Microscopic view of a hip bone (left) and a magnified view of the bone showing the metastasized prostate cancer tumor (T), healthy bone marrow (M) and bone (B). Image courtesy of the UCLA Broad Stem Cell Research Center.
New treatment option?
Witte and his colleagues concluded that these five kinases can cause prostate tumor cells to spread and metastasize into bones, and that targeting kinase activity could be a new therapeutic strategy for late-stage prostate cancer patients that have exhausted normal treatment options.

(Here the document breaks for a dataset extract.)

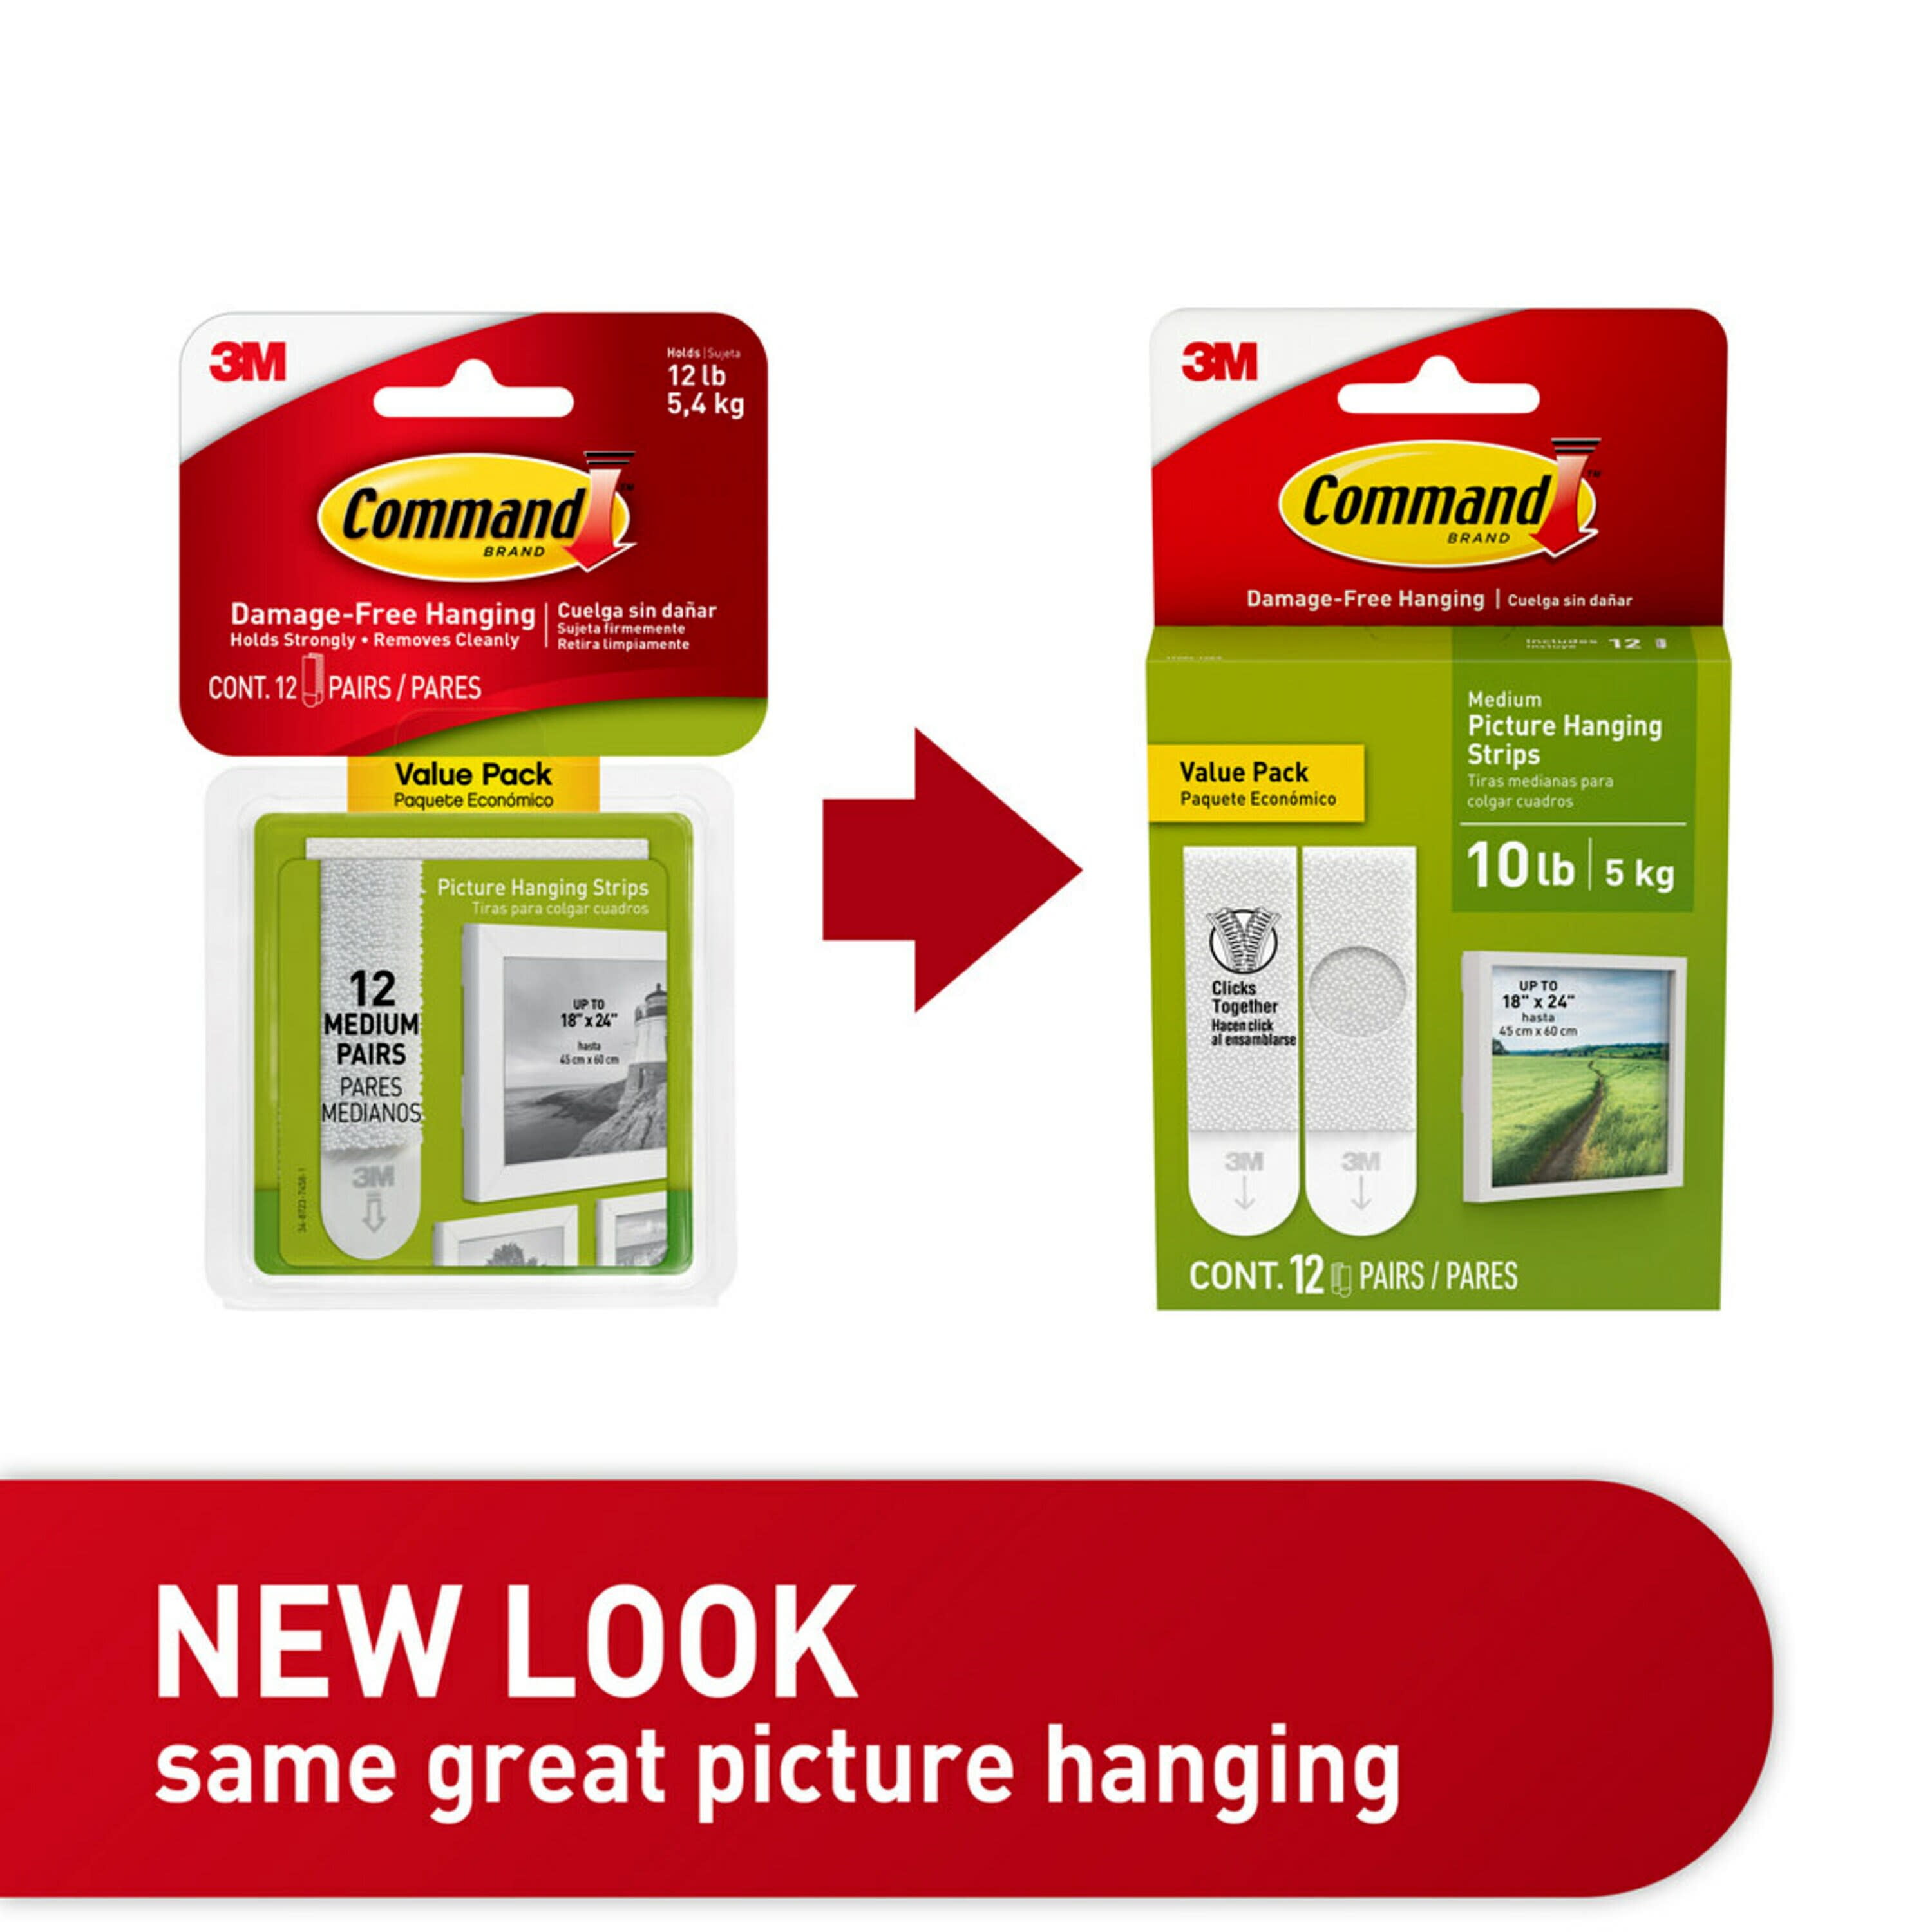 3M Scotch Command Damage-Free Picture Hanging Kit - Meininger Art Supply

In a UCLA press release, Claire Faltermeier, the study’s first author and a medical and doctoral student in Witte’s lab commented:
Our findings show that non-mutated protein kinases can drive prostate cancer bone metastasis. Now we can investigate if therapeutic targeting of these kinases can block or inhibit the growth of prostate cancer bone metastasis.
Dr. Witte followed up by mentioning the promise of targeting kinase activity for late-stage prostate cancer:
Cancer-causing kinase activity has been successfully targeted and inhibited before. As a result, chronic myelogenous leukemia is no longer fatal for many people. I believe we can accomplish this same result with advanced stages of prostate cancer with a fundamental understanding of the cellular nature of the disease.